__WORK INSTRUCTIONS__: Each word in the data below should be copied exactly; the images should not.

__DATA__:
▽
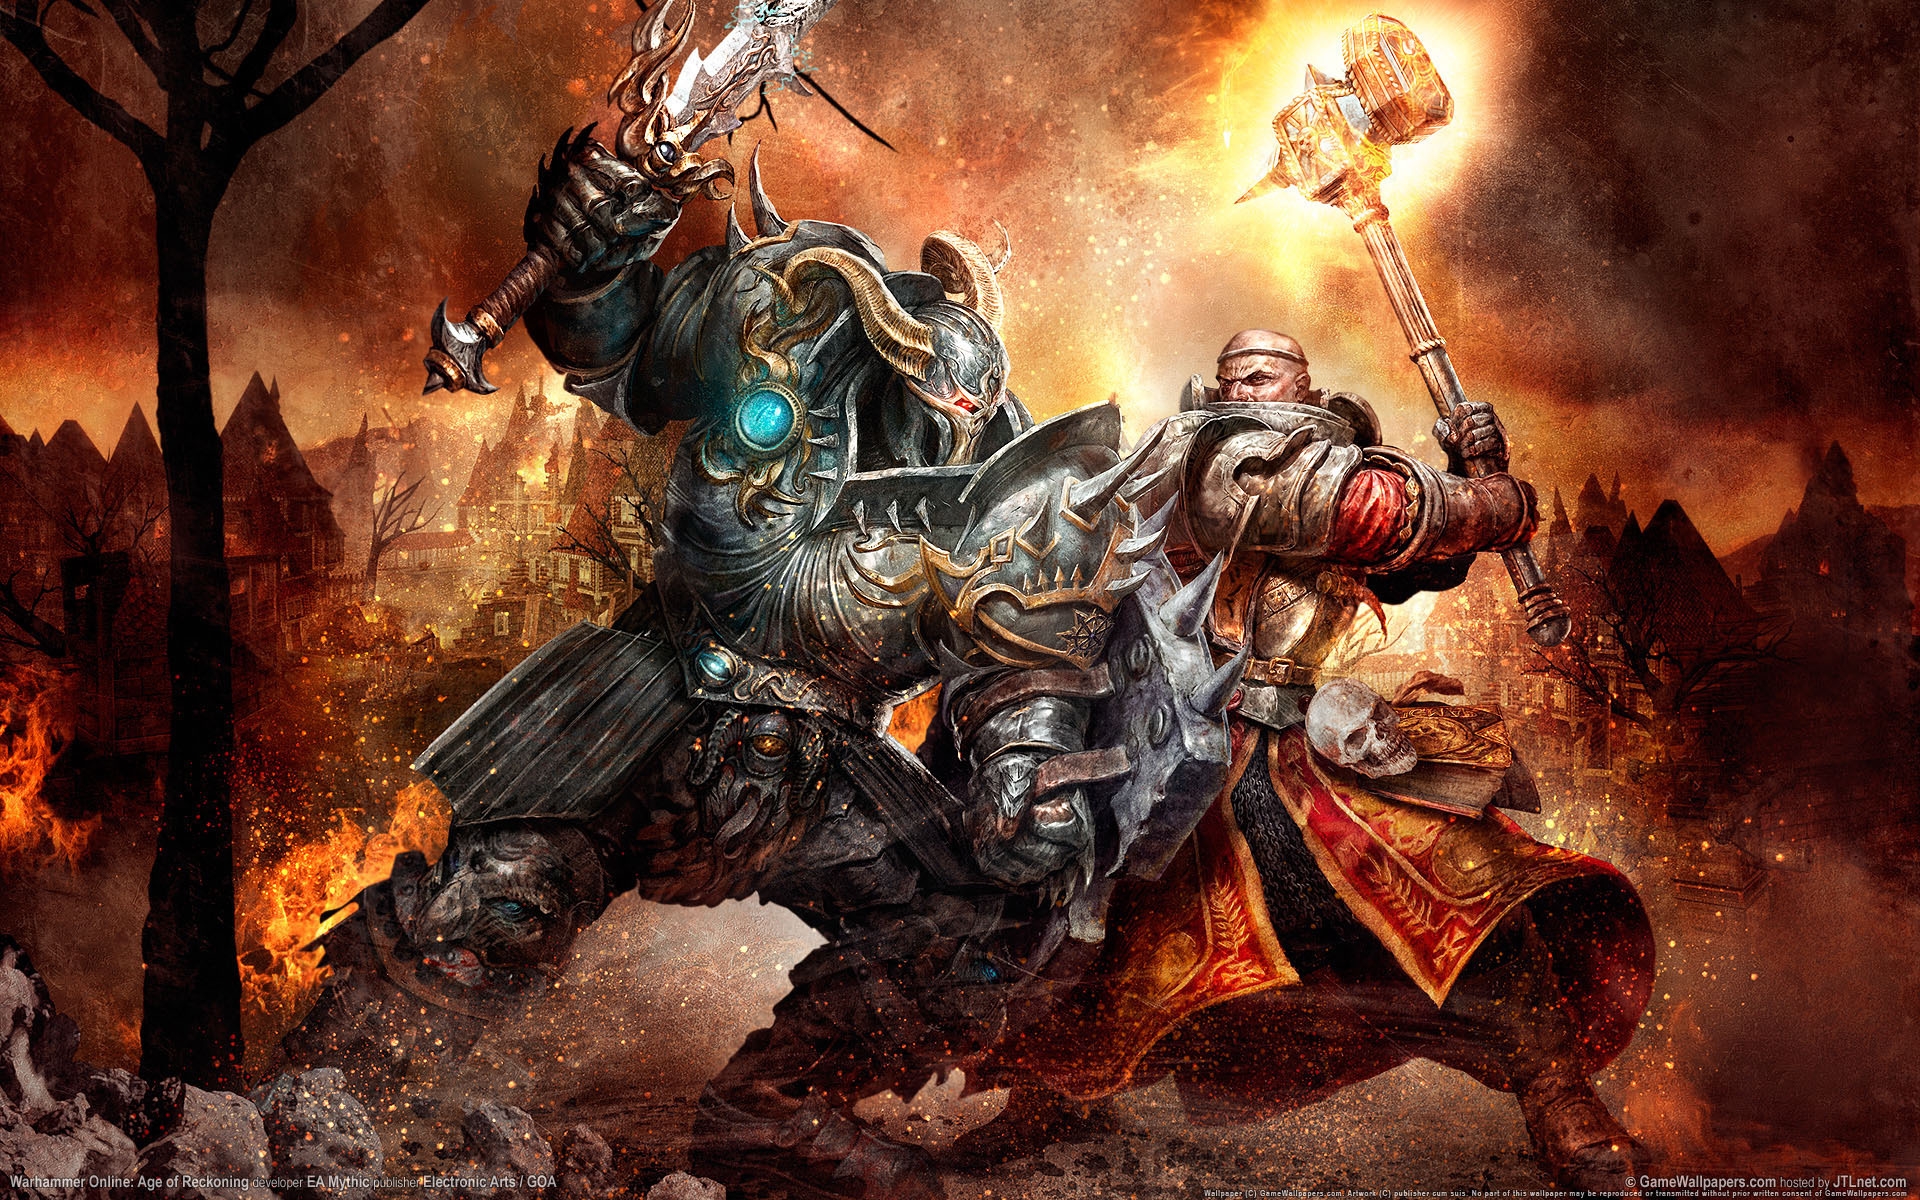 Warhammer Online Age of Reckoning for 1920 x 1200 widescreen resolution
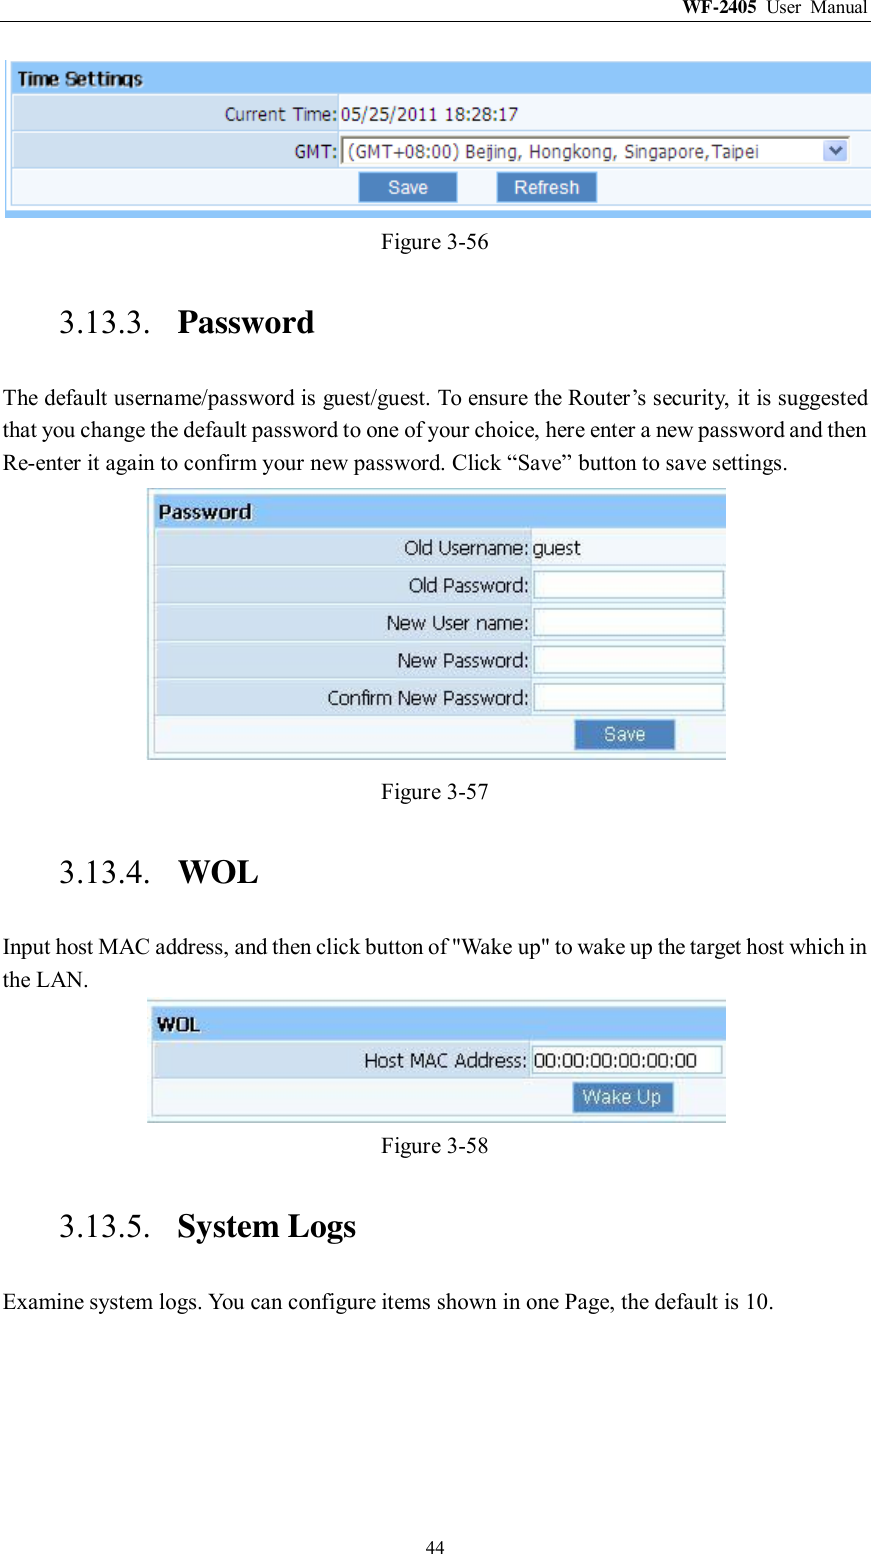 WF-2405  User  Manual  44  Figure 3-56 3.13.3. Password The default username/password is guest/guest. To ensure the Router‟s security, it is suggested that you change the default password to one of your choice, here enter a new password and then Re-enter it again to confirm your new password. Click “Save” button to save settings.  Figure 3-57 3.13.4. WOL Input host MAC address, and then click button of &quot;Wake up&quot; to wake up the target host which in the LAN.  Figure 3-58 3.13.5. System Logs Examine system logs. You can configure items shown in one Page, the default is 10. 
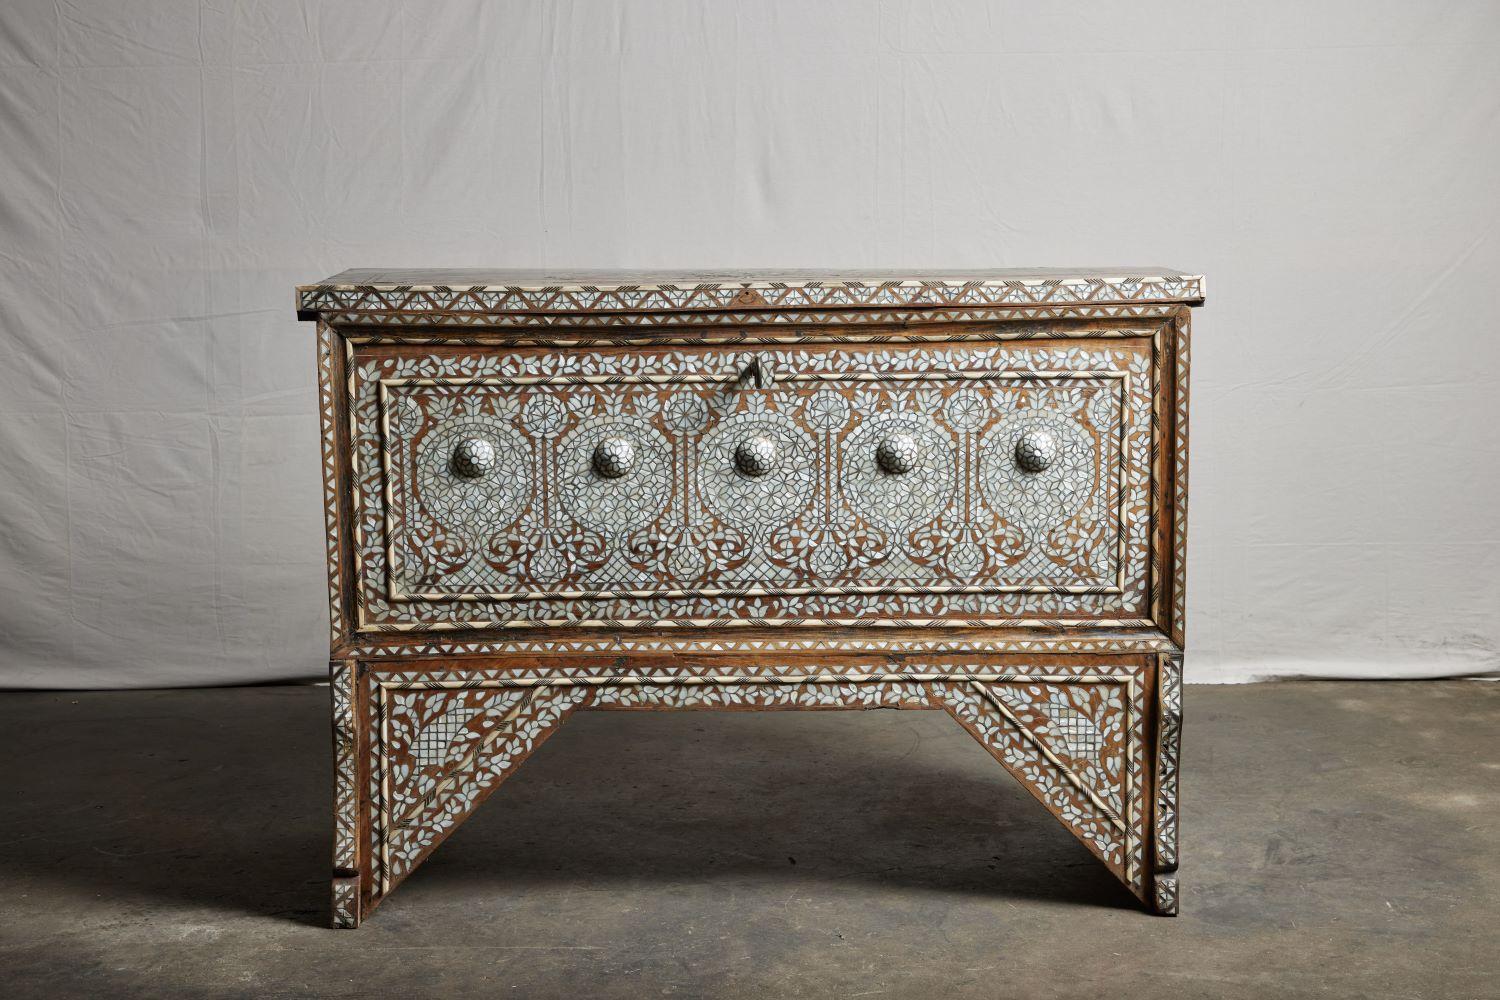 A heavily inlaid Syrian wedding chest with key. Lighter-toned blonde wood on a lovely stand. Syrian dowry wedding chest showcasing very fine intricate mother-of-pearl inlay.
△
__ANSWER BOX__:
 Warhammer Online Age of Reckoning for 1920 x 1200 widescreen resolution
 WF-2405  User  Manual  44  Figure 3-56 3.13.3. Password The default username/password is guest/guest. To ensure the Router‟s security, it is suggested that you change the default password to one of your choice, here enter a new password and then Re-enter it again to confirm your new password. Click “Save” button to save settings.  Figure 3-57 3.13.4. WOL Input host MAC address, and then click button of &quot;Wake up&quot; to wake up the target host which in the LAN.  Figure 3-58 3.13.5. System Logs Examine system logs. You can configure items shown in one Page, the default is 10. 
 A heavily inlaid Syrian wedding chest with key. Lighter-toned blonde wood on a lovely stand. Syrian dowry wedding chest showcasing very fine intricate mother-of-pearl inlay.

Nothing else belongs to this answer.